# Crazy scheduling on Black Friday?



## Dream Baby (Nov 16, 2021)

So I was looking at some fellow TMs schedules on Black Friday.

Some are coming in at Midnight, 2:00, 4:00, etc.

Why doesn't Target as many people starting at Midnight?

No guests will be in the store anyway.

Thoughts?


----------



## IhateOPmodel (Nov 16, 2021)

I assume most of those people will be doing OPU or SFS.  They need staggered schedules so they are able to keep up throughout the day.  If they bring everyone in at midnight then everyone will be gone come 10am or so.  My store is having people work 12 hour days if they answered yes on the overtime survey.


----------



## redeye58 (Nov 16, 2021)

We are an ON store & our team is coming in after midnight.
Also what IhateOPmodel said.


----------



## Noiinteam (Nov 16, 2021)

We are taking a truck at 12:01. I and a few other dbo's are coming in at 4 to push. Unload team coming at 12:01. Not sure about ship


----------



## Panda13 (Nov 16, 2021)

OPU, SFS and double trucks. Biggest SFS day of the year and closed Thursday.


----------



## Fluttervale (Nov 17, 2021)

SFS starts at midnight but orders drop in until 1230pm (I think, not my job.).
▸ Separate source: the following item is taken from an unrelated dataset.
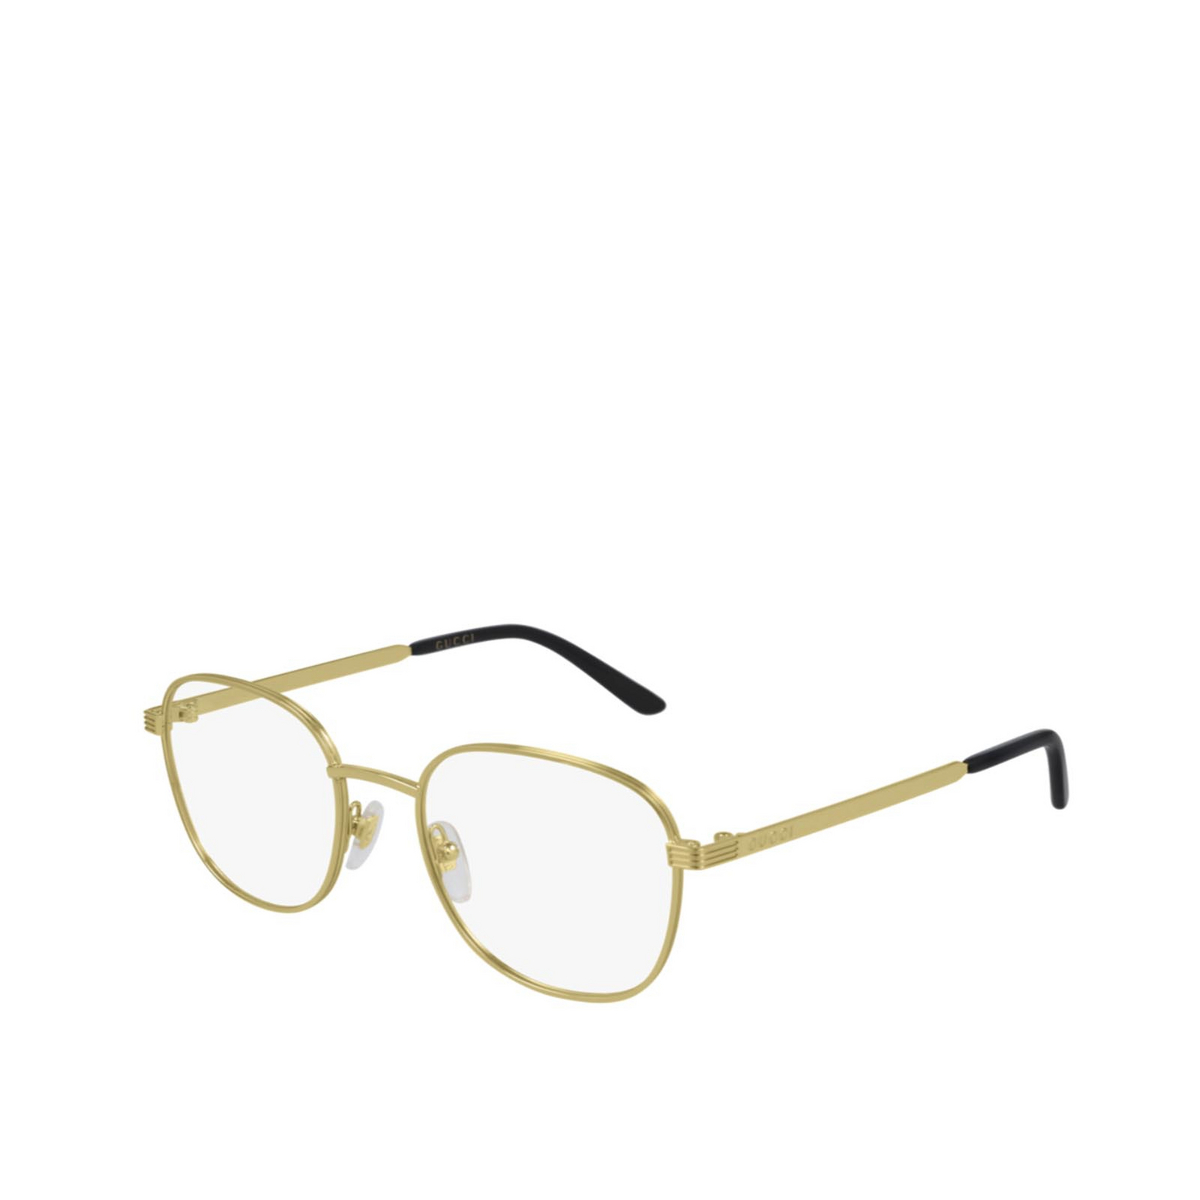 Gucci® Square Eyeglasses: GG0805O color Gold 001 - 2/2.

If everyone came in at midnight, you wouldn’t have anyone to finish or get ahead for Saturday.

Plus if you have OPU, you have to completely clear backlog by 9 am and then stay current until close of business.

In the meantime the rest of the store is doing one for ones, truck, reshop, and market is sitting in their lawn chairs watching the show.


----------